René Schreitmüller hat über ein Praktikum am Weidener Klinikum seinen Traumberuf gefunden. Foto: David Trott

Altenheim ist die nächste Station für René

René absolviert sein erstes von ingesamt drei Lehrjahren. Dank der neuen generalistischen Ausbildung bekommt er Einblicke in alle Pflegebereiche und hat mit allen Altersgruppen zu tun. „Zuerst war ich in der Großen Kinder- und im Anschluss in der Erwachsenenpflege“, erzählt er. Nächste Station ist für ihn das Altersheim. Aktuell kümmert er sich aber um Kleinkinder und Babys. René strahlt. Die „Wutzerl“ sind ihm sichtlich ans Herz gewachsen.

Noch ist die Pflege eine Frauendomäne

Zur Ausbildung gehört auch die „graue“ Theorie. Für Schreitmüller kein Problem, im Gegenteil. Der Unterricht an der Berufsfachschule für Pflege der Akademie für Gesundheit „NEW-LIFE“ in Neustadt ist für ihn „spannend und sehr abwechslungsreich.“ Beim Blick in die beiden Klassen mit ihren insgesamt 48 Schülern, stellt man jedoch schnell fest: Noch ist die Pflege fest in weiblicher Hand. Neben René drücken nur noch ein paar Jungs die Schulbank.

Doch der 18-Jährige ist überzeugt, dass sich das bestimmt ändern wird. „Ich glaube, dass auch die Mädels ganz froh sind, wenn sie mehr männliche Kollegen bekommen. Und es ist sowieso höchste Zeit, dass wir Jungs mit der Zeit gehen“, meint er augenzwinkernd.

Mehrere Berufsbilder werden zusammengefasst

In der generalistischen Pflegeausbildung, wie sich auch die Kliniken Nordoberpfalz anbieten, sind die Berufsbilder Gesundheits- und Krankenpflege, Alten- und Kinderkrankenpflege zu einem Beruf zusammengefasst. Somit lernen Auszubildende, Menschen aller Altersstufen in allen Versorgungsbereichen zu pflegen.
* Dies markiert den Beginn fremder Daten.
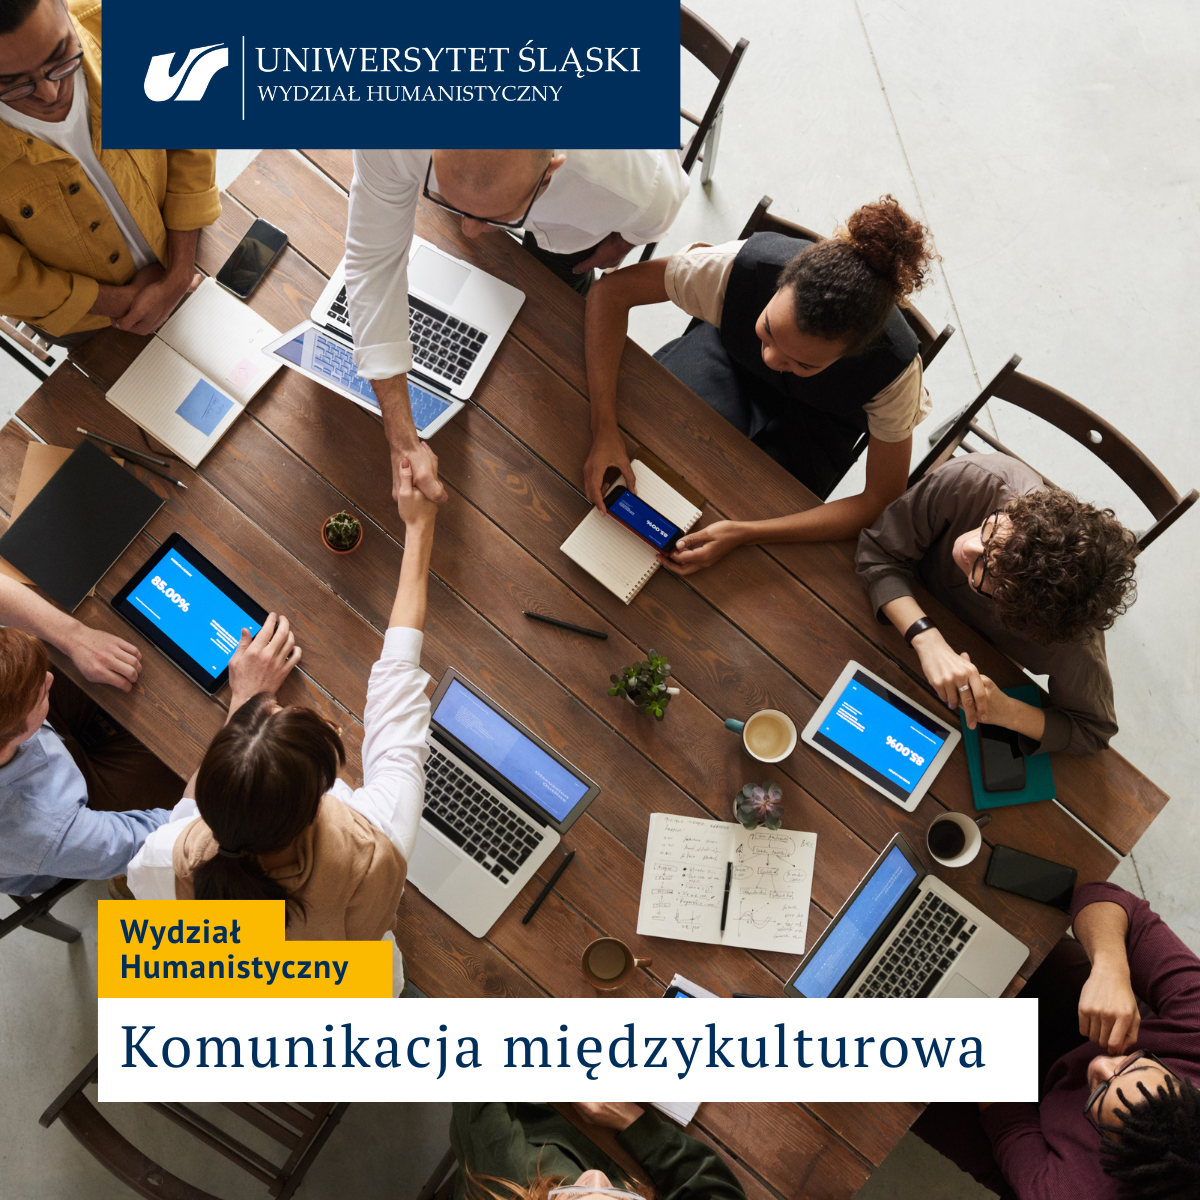 zdjęcie grupy osób siedzących z komputerami przy stole, dwoje z nich podaje sobie ręce, u góry logo Uniwersytetu Śląskiego, na dole napis Wydział Humanistyczny Komunikacja międzykulturowa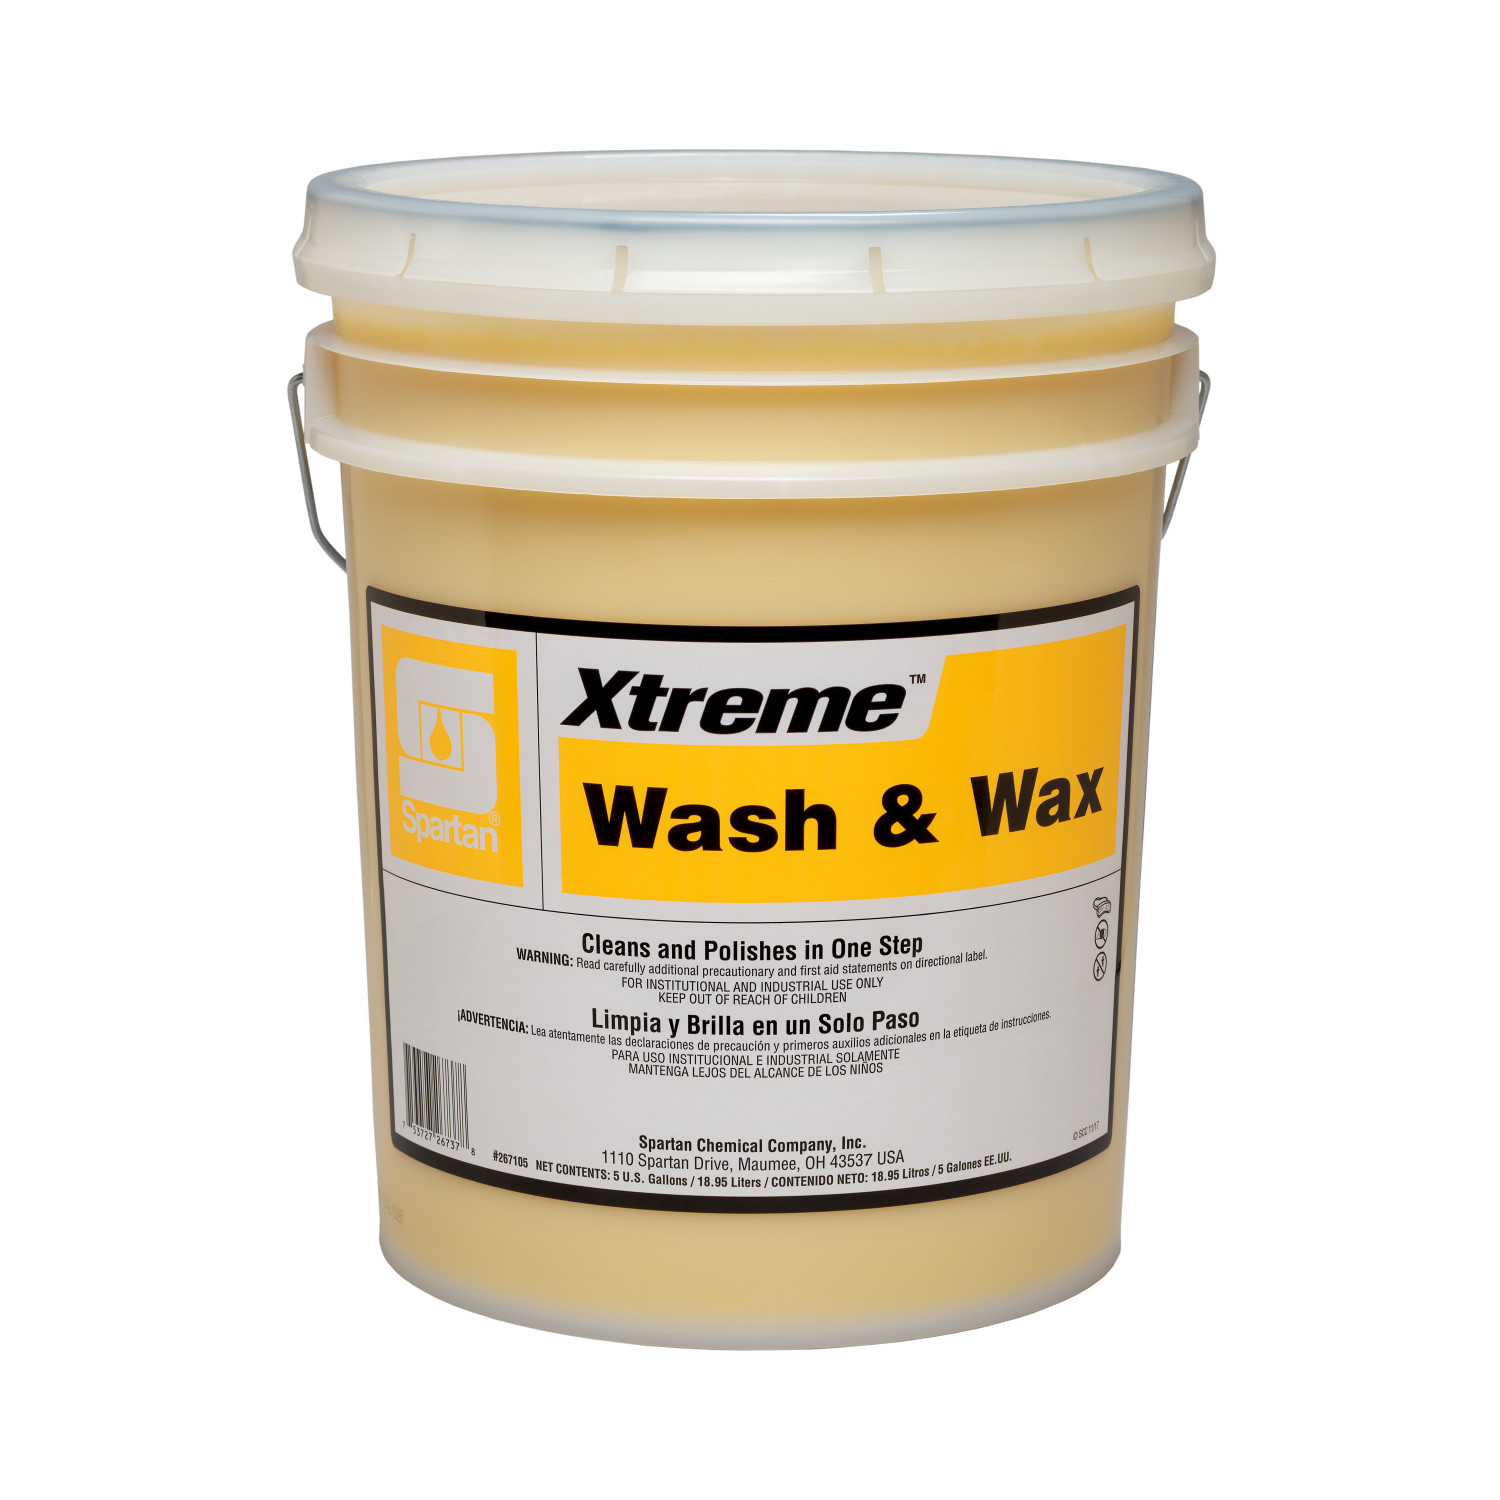 Xtreme® Wash & Wax 5 gallon pail

Bestens geeignet ist dieser Beruf auch für Seiteneinsteiger, Neustarter oder Menschen, die gerne helfen und etwas Sinnvolles tun wollen.

Julia erzählt von ihrer Ausbildung

Interessierst Du Dich auch für eine generalistische Pflegeausbildung? Willst Du mehr dazu wissen? In der nächsten Folge erzählt Julia Peter, was sie im dritten Ausbildungsjahr erlebt.

Schulische Voraussetzungen für den Beruf der/des Pflegefachfrau/manns:

  • Mittlerer Schulabschluss
  • Mittelschulabschluss mit erfolgreich abgeschlossener Berufsausbildung mit einer Ausbildungsdauer von mindestens zwei Jahren oder
  • Mittelschulabschluss mit erfolgreich abgeschlossener, mindestens einjähriger Ausbildung in der Pflegefachhilfe (Krankenpflege) oder Altenpflegehilfe.

Für Schüler/innen mit Mittelschulabschluss ohne Berufsausbildung bietet die einjährige Ausbildung zum/-r Pflegefachhelfer/-in (m/w/d) einen guten Einstieg. Auf deren Basis kann man die weiterführende Ausbildung zum/-r Pflegefachmann/-frau in verkürzter Form absolvieren.

Vor der Ausbildung empfiehlt die Kliniken Nordoberpfalz AG ein Pflegepraktikum, um den Beruf vor der Ausbildung erstmal kennenzulernen. Das könne ein kurzes Praktikum in den Ferien oder auch ein Freiwilliges Soziales Jahr sein.

Im ersten Teil haben wir René bei seiner Arbeit auf der Frühchenstation begleitet.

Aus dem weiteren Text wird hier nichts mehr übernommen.